Pour le 85e anniversaire d’Emile Hemmen, et en collaboration avec le poète lui-même, MediArt a édité un livre très complet sur l’homme, sa vie, et une partie de son travail (sa poésie, c’est-à-dire, en gros, les textes publiés après 1981).
Livre très complet parce qu’il comporte, outre une sélection de poèmes d’une bonne quinzaine de recueils (parmi lesquels plusieurs furent réalisés en collaboration avec des artistes luxembourgeois, dont une partie du travail est reproduit dans le livre, comme J’écoute tes yeux, avec des sérigraphies d’Henry Kraus, Au dire de l’arbre, avec des sérigraphies de Raymond Weiland, ou encore Même souffle pour deux voix, avec les très belles gravures de Marc Frising), plusieurs hommages, sous forme de présentations de l’homme et de son œuvre, par Nic Klecker et Janine Goedert, en ce qui concerne la vie d’Emile Hemmen, son travail au Centre de réadaptation de Capellen, sa générosité, son dévouement, par Frank Wilhelm pour le côté francophone de son travail d’écrivain, et Paul Bertemes pour le côté germanophone.

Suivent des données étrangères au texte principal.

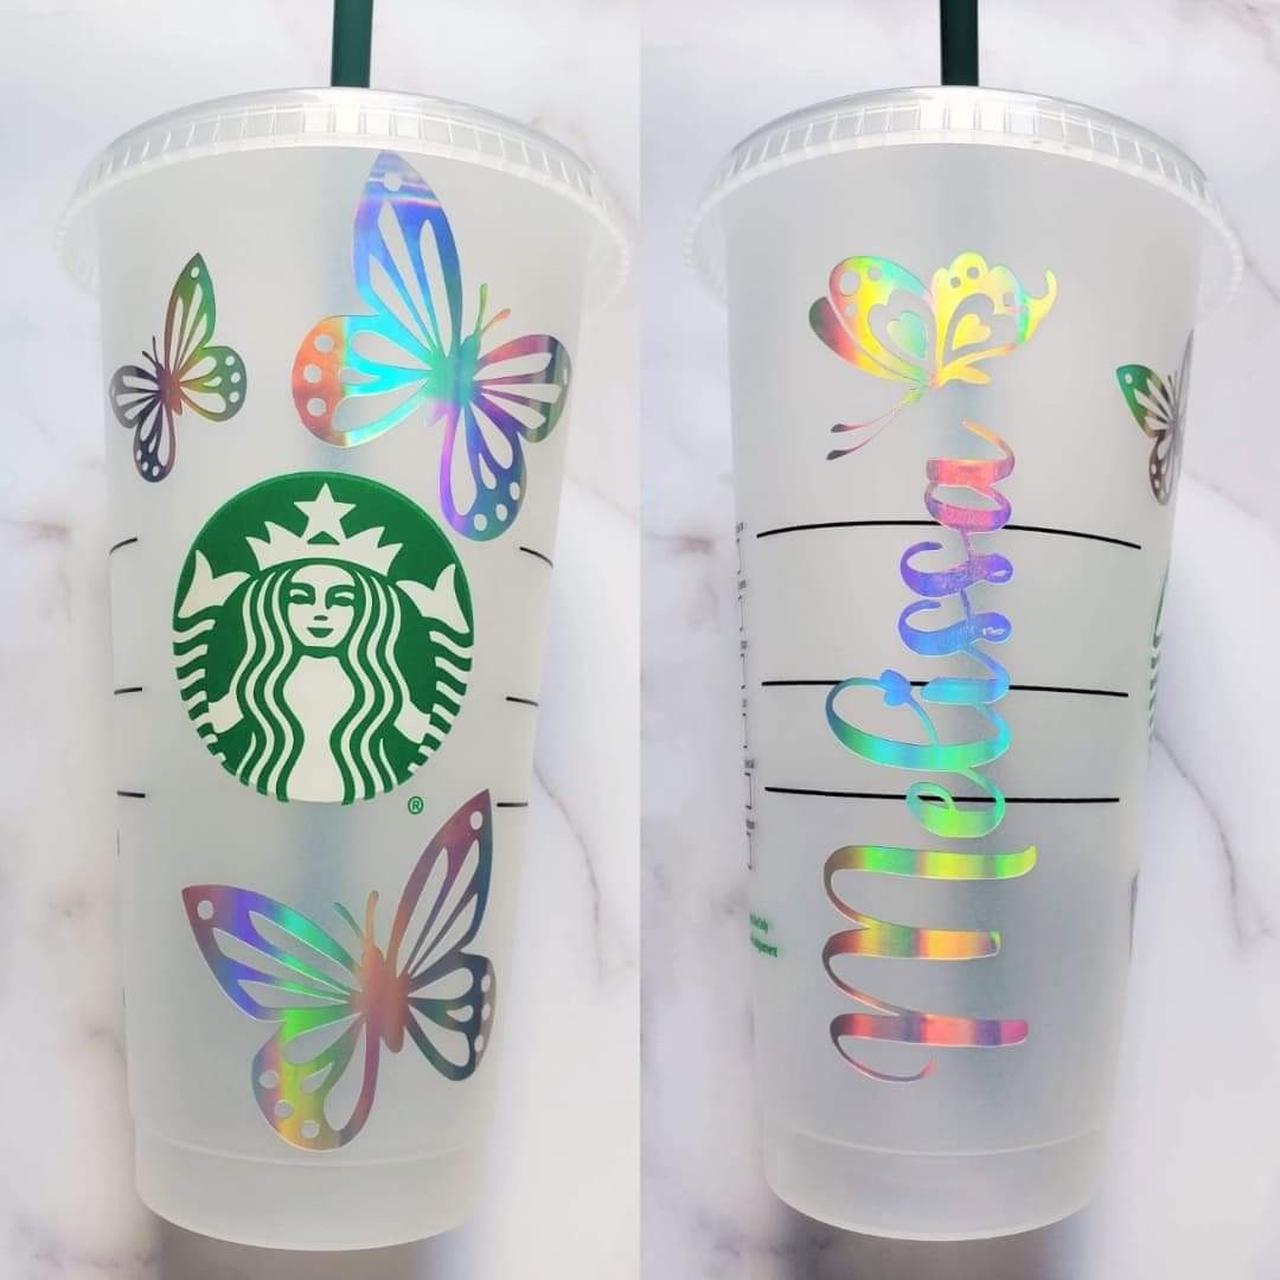 LV x Butterflies Custom Starbucks Cup 🦋💜 For pictures please follow us on  Instagram @dazzlemecups, By Dazzle Me Cups

Mais ce n’est pas tout : après une bibliographie très développée, ajoutant ses collaborations dans différentes revues de par le monde, et un certain nombre d’extraits d’articles critiques parus au fil des années et des publications (et étrangement on a une impression de déjà-vu en lisant les articles de Frank Wilhelm : les mêmes mots se trouvent dans son hommage en début de livre), il y a également un entretien – « en guise de biographie » – d’Emile Hemmen avec le poète breton Alain Jégou (entretien qui figure, bizarrement, au début et à la fin du livre), sur la vie mouvementée du premier.

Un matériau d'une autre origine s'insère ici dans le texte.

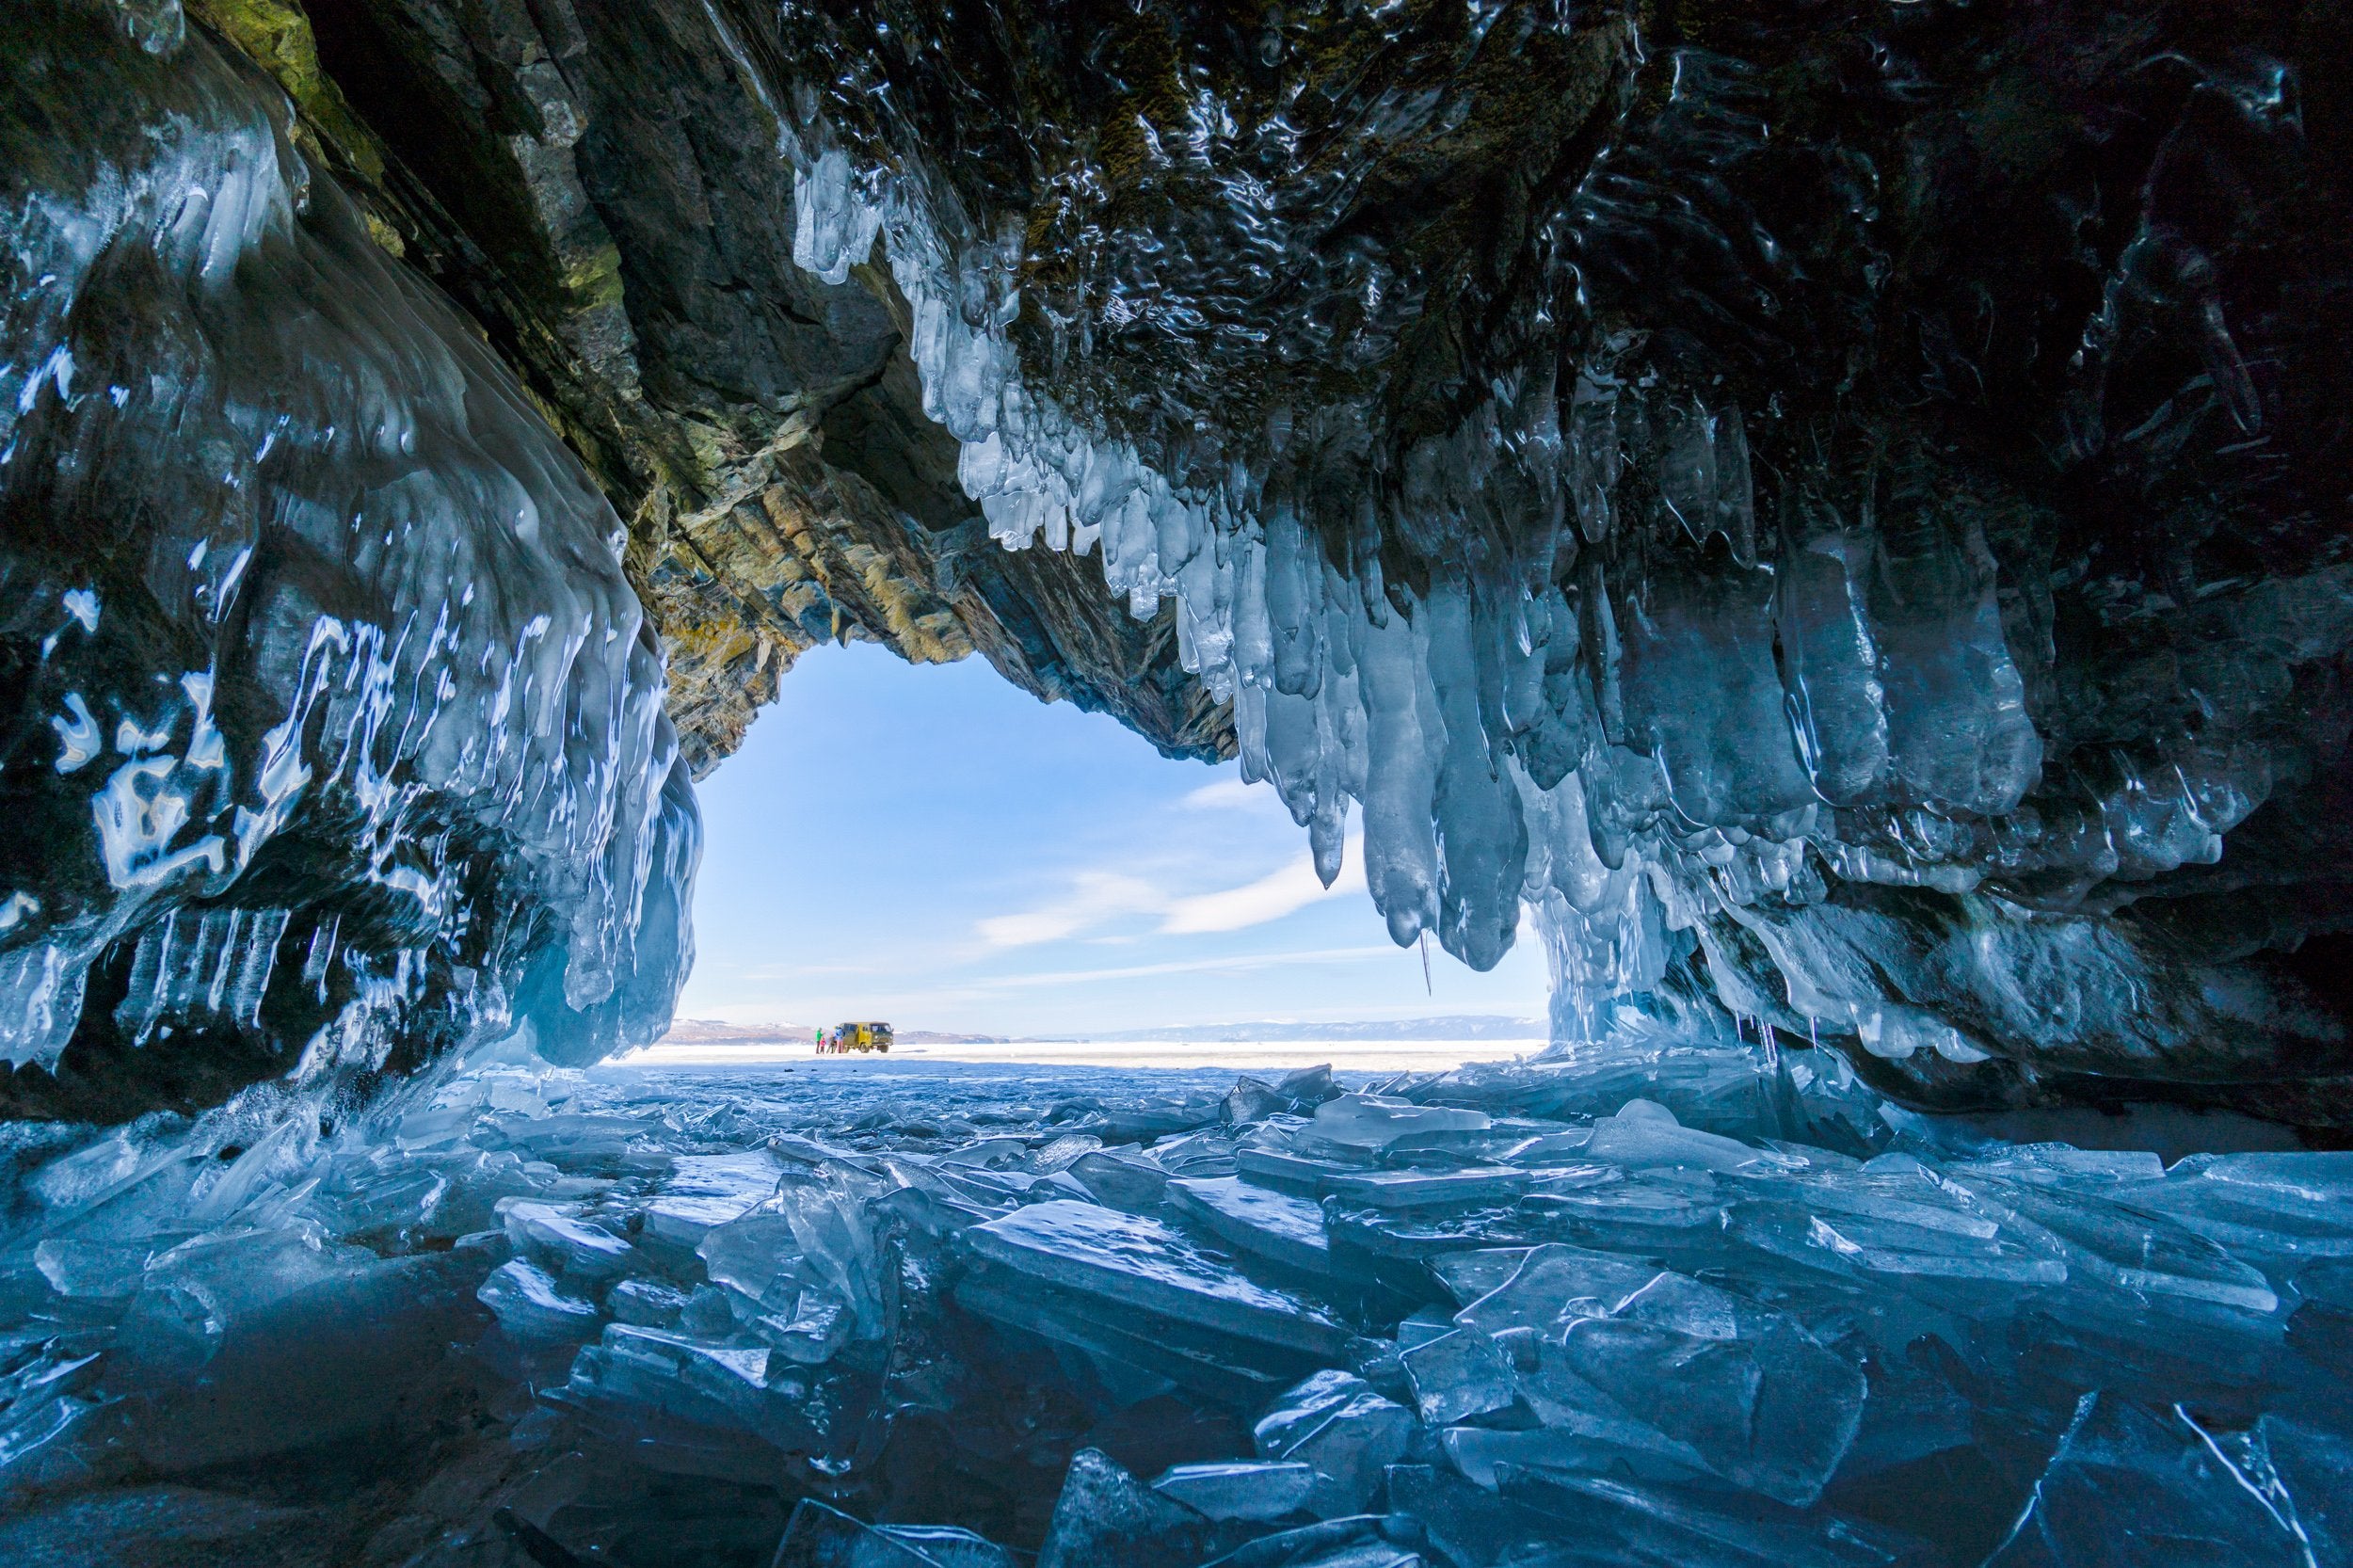 An icy cave looking out to the sky.

Et en effet, vie mouvementée il y eut : Emile Hemmen, né en 1923, fut enrôlé de force dans la Wehrmacht. Profitant d’une permission, il déserte et rejoint la résistance. Dans l’entretien, il décrit brièvement ces années horribles. Mais il y a aussi des entreprises plus heureuses : la création de la revue culturelle et littéraire Estuaires, avec Nic Klecker, en 1986. Puis surgit la question de la langue littéraire, inévitable chez Emile Hemmen : il écrit ses premiers poèmes, fébriles, graves, lyriques, en luxembourgeois, à partir de 1943. Il changera assez vite vers l’allemand : il publiera des nouvelles, un roman, Die Wahl, repris en 2000 aux éditions Rapidpress. Puis, à partir des années 1960, il se sent de plus en plus à l’aise dans la langue française, « un territoire littéraire, mental et intellectuel irremplaçable ». Depuis 1981, Emile Hemmen publie en français.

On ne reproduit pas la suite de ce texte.